The 5-year DSS for the cohort was 76.0% (95% CI, 74.1%-77.8%), with 569 deaths due to oral SCC. Multivariable analysis showed a statistically significant association between the log-transformed DOI (hazard ratio [HR], 1.31; 95% CI, 1.13-1.51) (P < .001) and DSS, after adjusting for pT category, pN category, adjuvant therapy, and time of treatment (Table 3). A sensitivity analysis confirmed that the results were robust to additional adjustment for age, sex, extracapsular spread, and margin status (Table 3). Importantly, pT category remained an important predictor of DSS in the presence of information on DOI (P < .001), suggesting that these 2 variables provide complementary prognostic information. In support of this hypothesis, we compared the minimally adjusted model with and without DOI and found significant improvement in model fit with the inclusion of DOI (P < .001). Finally, a 2-stage random effects meta-analysis confirmed that there was no evidence of between-center heterogeneity in the prognostic impact of DOI in both minimally adjusted (I2 = 16.2%; P = .30) and fully adjusted models (I2 = 6.3%; P = .38).
We proceeded to identify optimal cutpoints for dichotomizing DOI separately for each T category, using adjusted Cox regression models stratified by study center. Based on the AIC, the optimal cutpoints were less than 5 mm vs 5 mm or greater in pT category I disease and less than 10 mm vs 10 mm or greater in pT category II, III, and IV disease. The inclusion of the category-specific DOI variable significantly improved model fit for pT1 (P = .01), pT2 (P = .001), and pT3 (P = .004) but not pT4 (P = .11). Figure 1 demonstrates Kaplan-Meier plots of cumulative risk of disease-specific failure according to DOI and pT category.

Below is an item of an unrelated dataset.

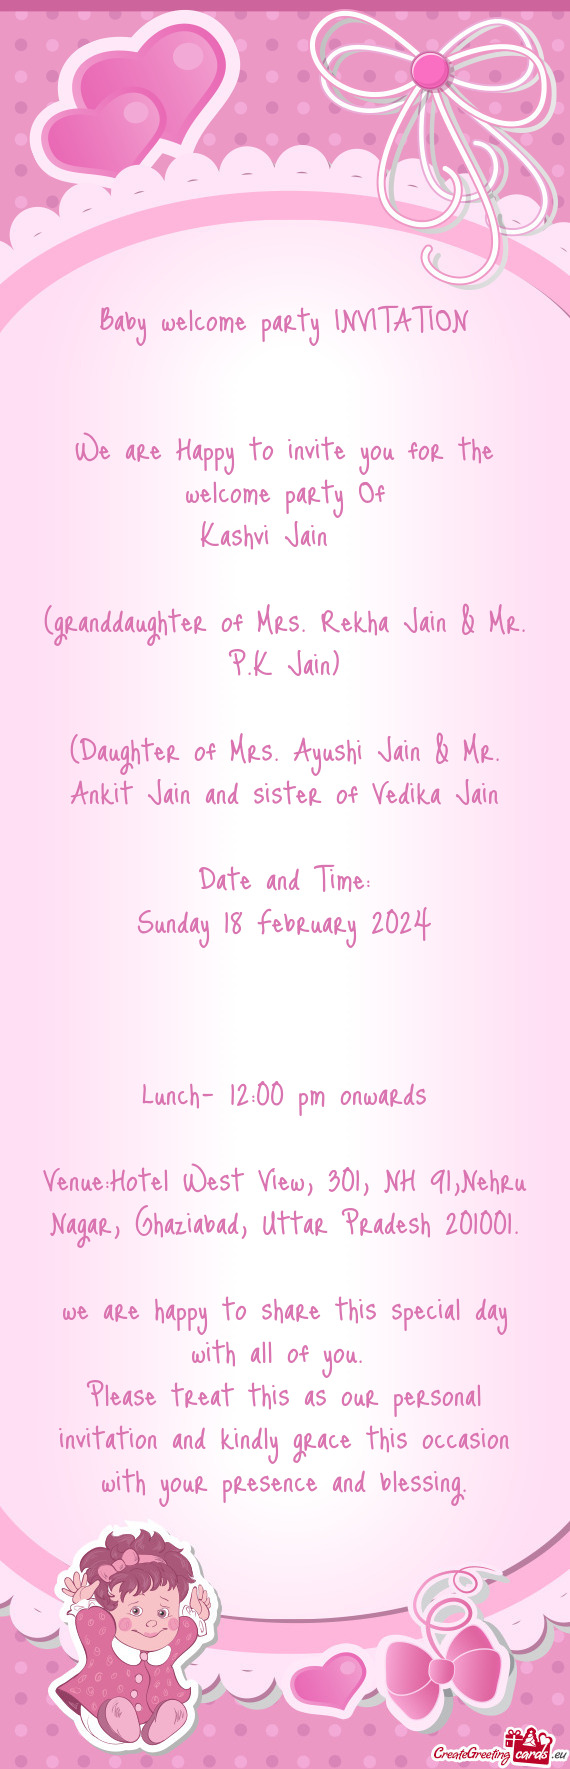 (Daughter of Mrs. Ayushi Jain & Mr. Ankit Jain and sister of Vedika Jain
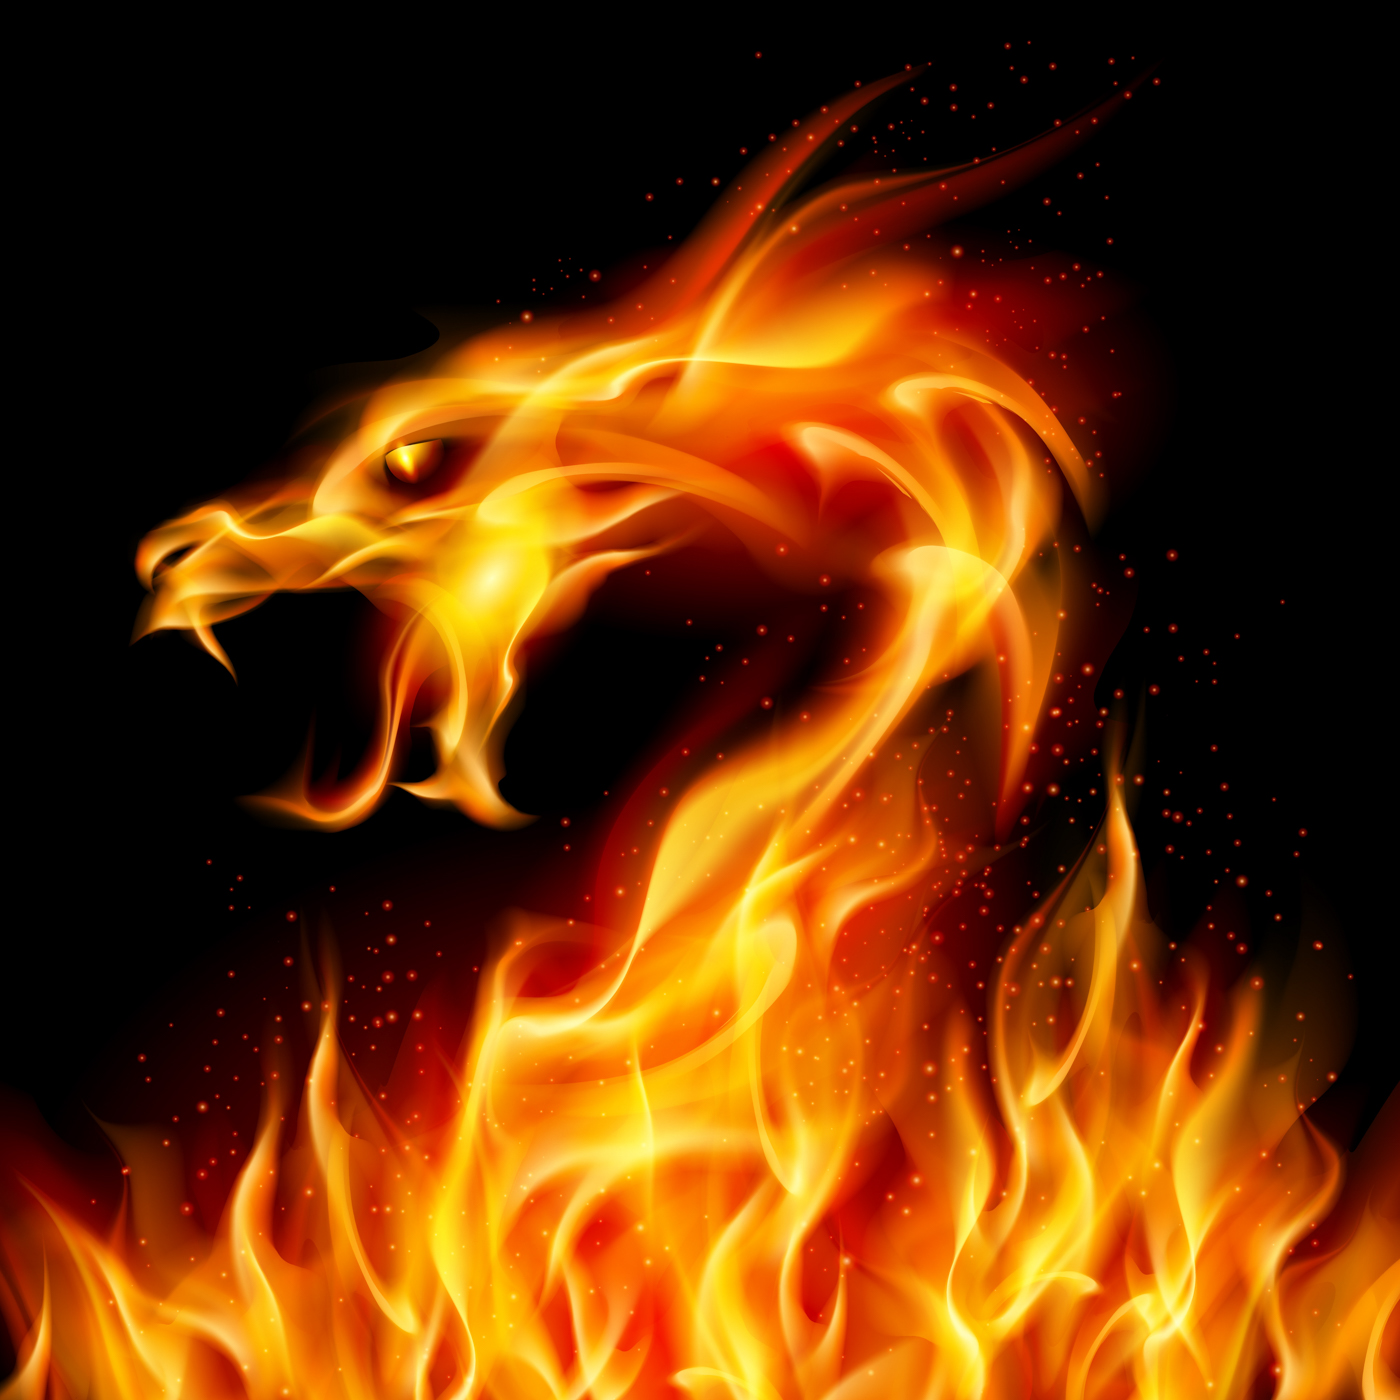 Fire Dragon on Black background

On the basis of the results of these exploratory analyses, 5 candidate staging systems were devised for assessment as described in Table 4 and shown in Figure 2. Model 1 was a simple model using DOI alone to define T1-3 categories and performed poorly compared with the other candidate models (Figure 2B). This was consistent with our earlier findings suggesting that AJCC T staging provides additional complementary information and cannot be replaced by DOI. Model 2 performed poorly at differentiating between T1 and T2 categories (Figure 2C). This resulted from the increased hazard associated with combining all thin (<5 mm) tumors smaller than 4 cm into T1. Models 3 and 5 were designed to further stratify early tumors; however, there was considerable overlap in 95% CIs for T1a, T1b, and T2 categories in these models as shown in Figure 2D and F. Of the candidate staging systems, model 4 (Figure 2E) was preferred based on a combination of the AIC, C-index, stratification of patients into distinct prognostic groups with fairly evenly separation, minimal overlap of 95% CIs, and parsimony.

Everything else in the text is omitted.